Everything in the UI is now scriptable through a REST API
Everything you can do in the Publisher UI is now available through a versioned, organisation-scoped REST API, built for automation, headless workflows, and third-party integrations.
Authentication uses API keys created in Settings under API Access, by admins with the Manage API keys permission. Each key acts as a specific team member and is bound to one organisation. Its effective access is the intersection of the key’s scopes and that member’s permissions, so UI capability and API capability stay in lockstep. Coverage spans articles (including AI drafting, chat, rewrite, and deep research), publishing and WordPress sync, social posts and approval workflows, schedules and AI timeslot proposals, media and media plans, the knowledge base, team and roles, settings, analytics, and platform connections.

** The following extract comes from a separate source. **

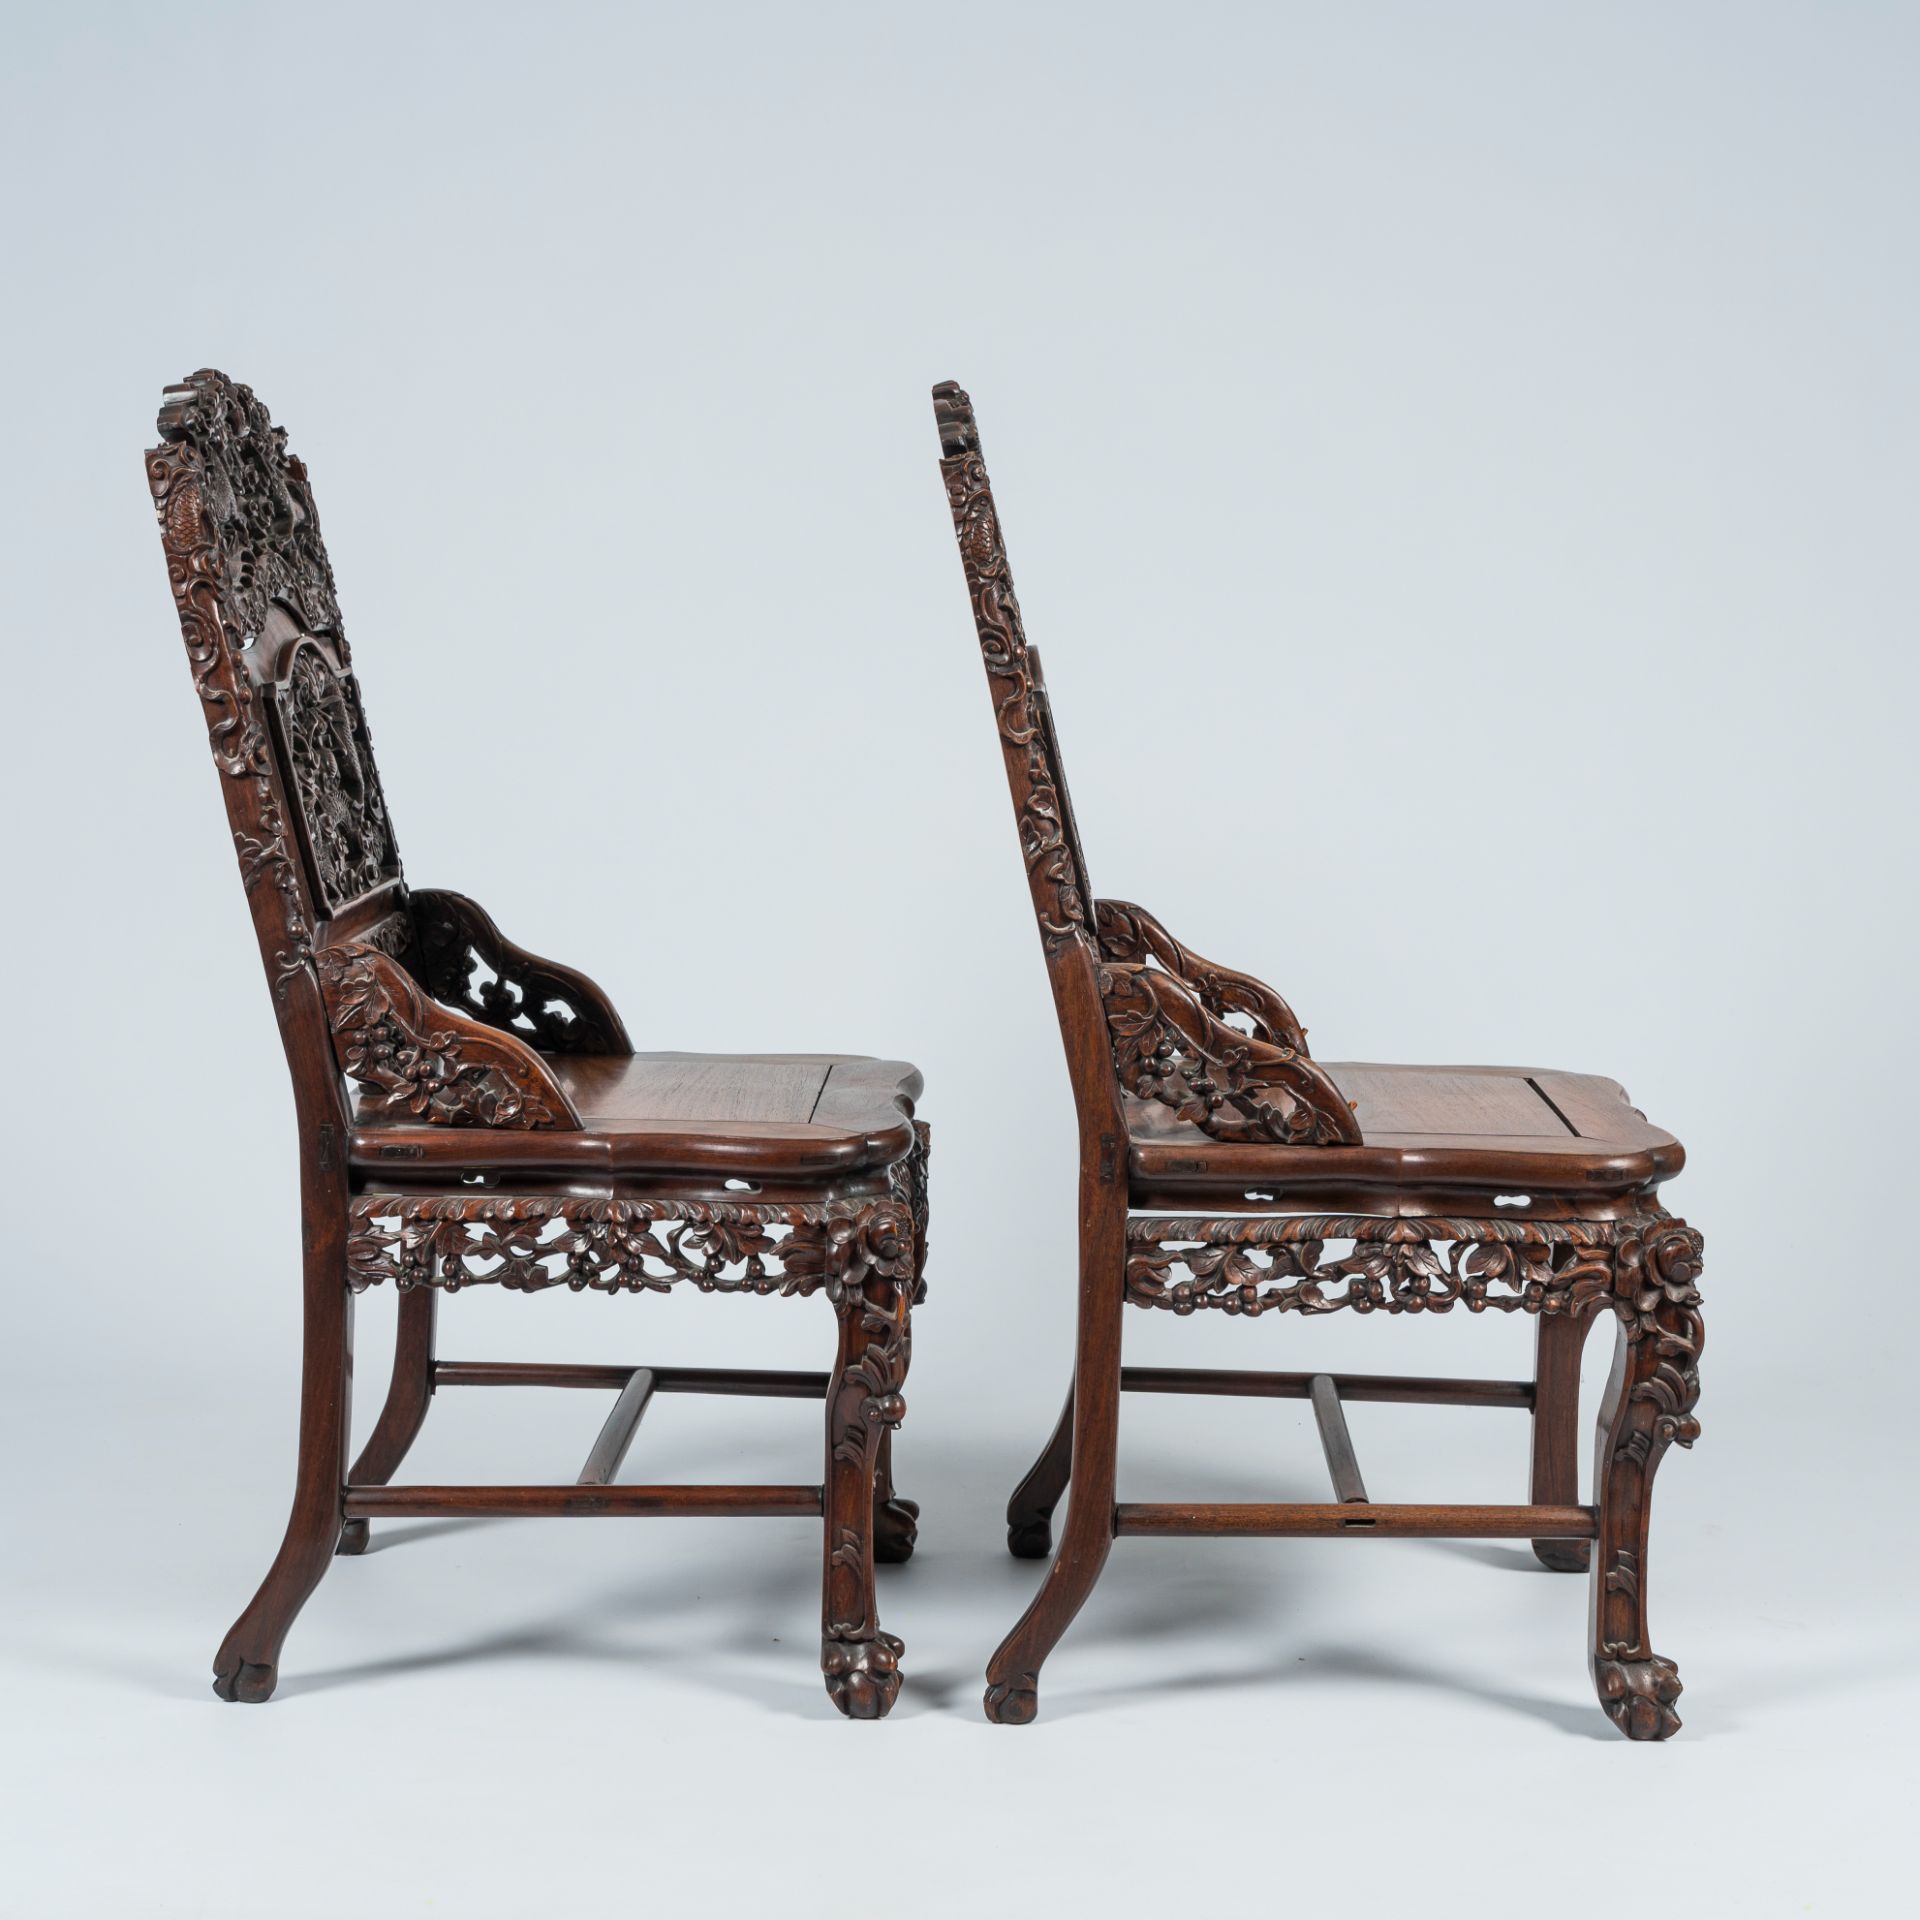 A pair of Chinese carved hardwood 'dragon' chairs, 19th C. - Image 5 of 10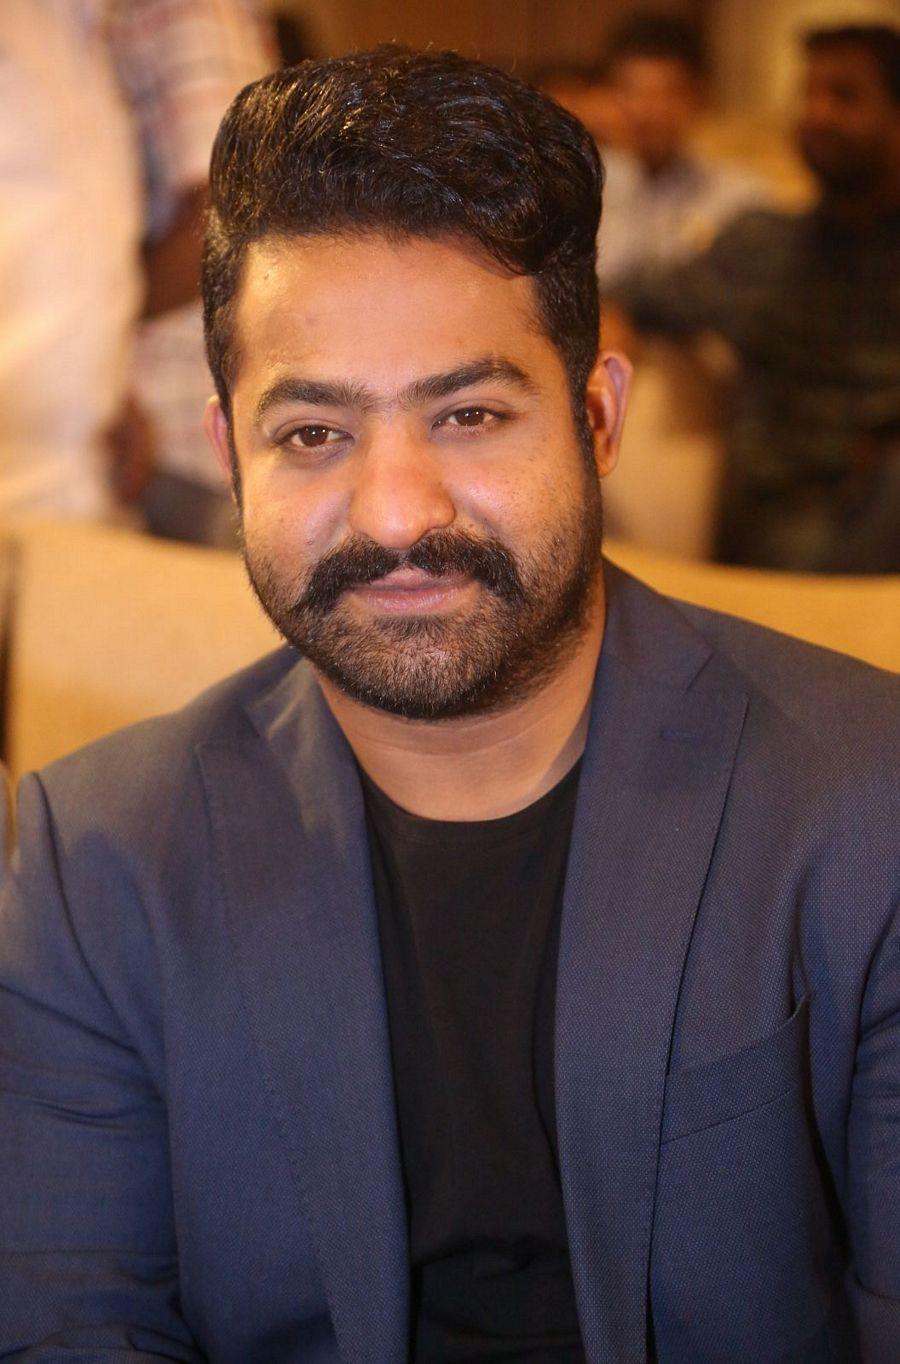 Jr. NTR - South Indian Actor | New movie images, New images hd, New photos  hd

The conventions are standard, with status polling for long-running jobs and a per-key rate limit. The contract is treated as frozen – only additive changes are made within it, so integrations built today keep working. Agencies and teams can feed Publisher from their own tools, build custom dashboards, and automate publishing end to end without being locked into the UI.
One visual language across the whole app
The app now runs on a shared design system with a calm, functional visual language. Colour signals status only – green, amber, red, blue for state, never decoration. Platform colours appear as a small brand dot for recognition, never to imply status. Primary content reads above secondary, technical detail is quietened or collapsed, and screens use bordered cards with subtle shadow, hairline dividers, and generous spacing instead of heavy drop shadows. A kit of reusable components keeps every screen consistent and easy to extend, which matters when a release adds this many features at once. They all speak the same visual vocabulary.
How the pieces fit together
Read individually, these are eight features. Together they close a loop. Analytics captures what works. The analytics-driven AI and the drafting agent apply those lessons, grounded in your knowledge base, to your timing and your drafts. The composer and calendar make it fast to refine and oversee. The API wires it into the rest of your stack. The design system keeps the whole thing legible.
For a team, that adds up to content operations that improve as your analytics build up, with less manual effort and clearer oversight at every step. To be clear, this is your own performance data guiding your own drafts and timing – not your content training an AI model. Try it, and tell us what you ship.